Description:
After the Serbian Informatics Olympiad, Aleksa was very sad, because he didn't win a medal (he didn't know stack), so Vasilije came to give him an easy problem, just to make his day better.
Vasilije gave Aleksa a positive integer $$$n$$$ ($$$n \ge 3$$$) and asked him to construct a strictly increasing array of size $$$n$$$ of positive integers, such that
- $$$3\cdot a_{i+2}$$$ is not divisible by $$$a_i+a_{i+1}$$$ for each $$$i$$$ ($$$1\le i \le n-2$$$).
Since Aleksa thinks he is a bad programmer now, he asked you to help him find such an array.
Input Format:
Each test consists of multiple test cases. The first line contains a single integer $$$t$$$ ($$$1 \le t \le 10^4$$$) — the number of test cases. The description of test cases follows.

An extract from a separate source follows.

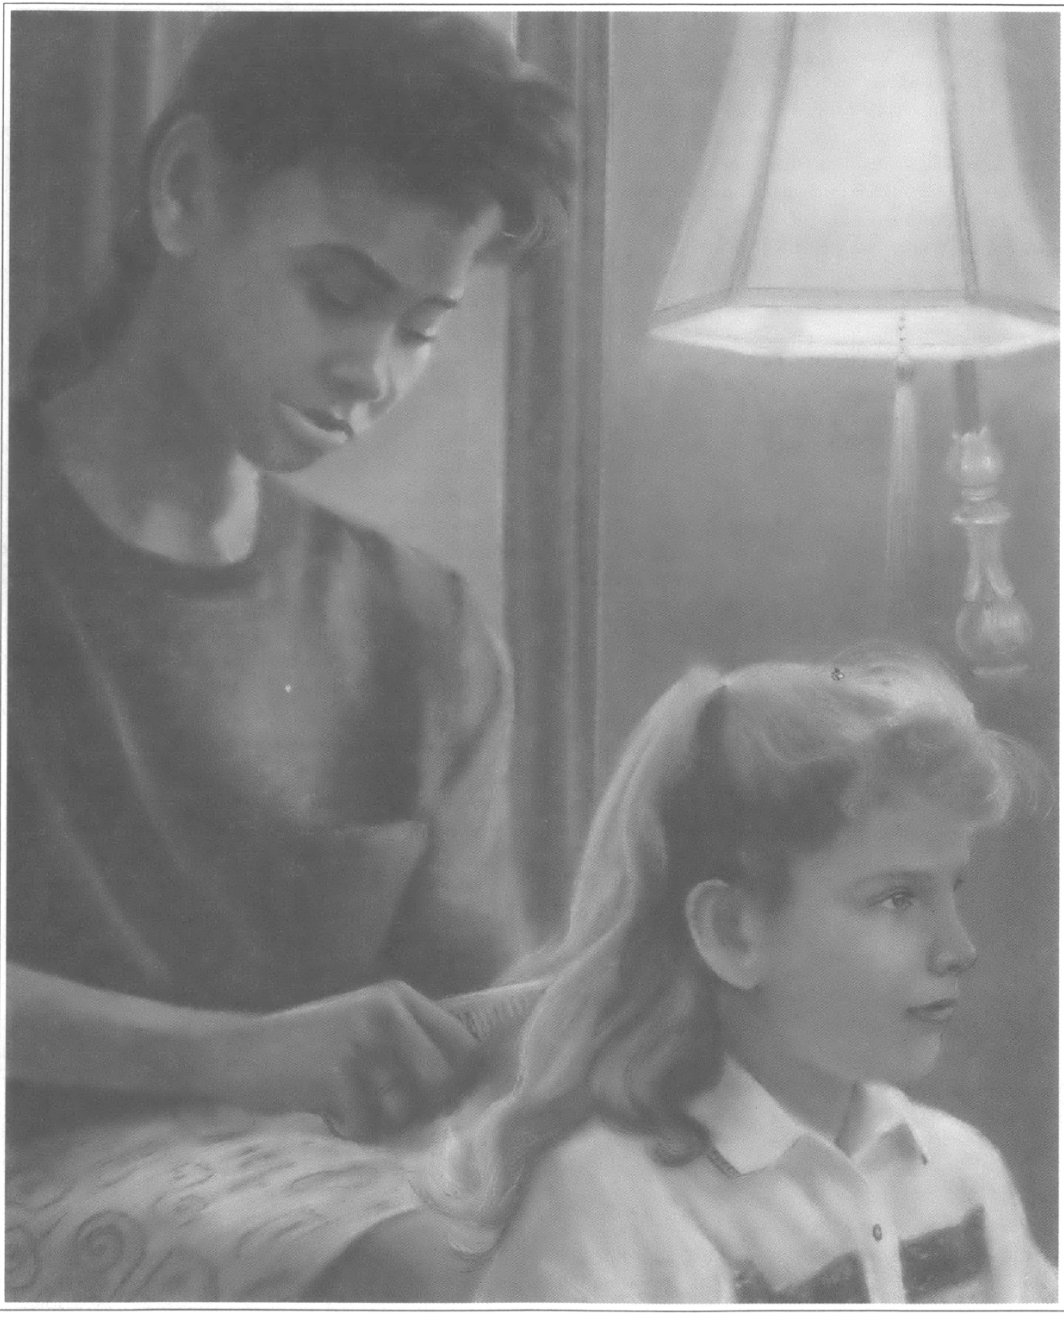 woman brushing child's hair

The first line of each test case contains a single integer $$$n$$$ ($$$3 \le n \le 2 \cdot 10^5$$$) — the number of elements in array.
It is guaranteed that the sum of $$$n$$$ over all test cases does not exceed $$$2 \cdot 10^5$$$.
Output Format:
For each test case, output $$$n$$$ integers $$$a_1, a_2, a_3, \dots, a_n$$$ ($$$1 \le a_i \le 10^9$$$).
It can be proved that the solution exists for any $$$n$$$. If there are multiple solutions, output any of them.
Note:
In the first test case, $$$a_1=6$$$, $$$a_2=8$$$, $$$a_3=12$$$, so $$$a_1+a_2=14$$$ and $$$3 \cdot a_3=36$$$, so $$$3 \cdot a_3$$$ is not divisible by $$$a_1+a_2$$$.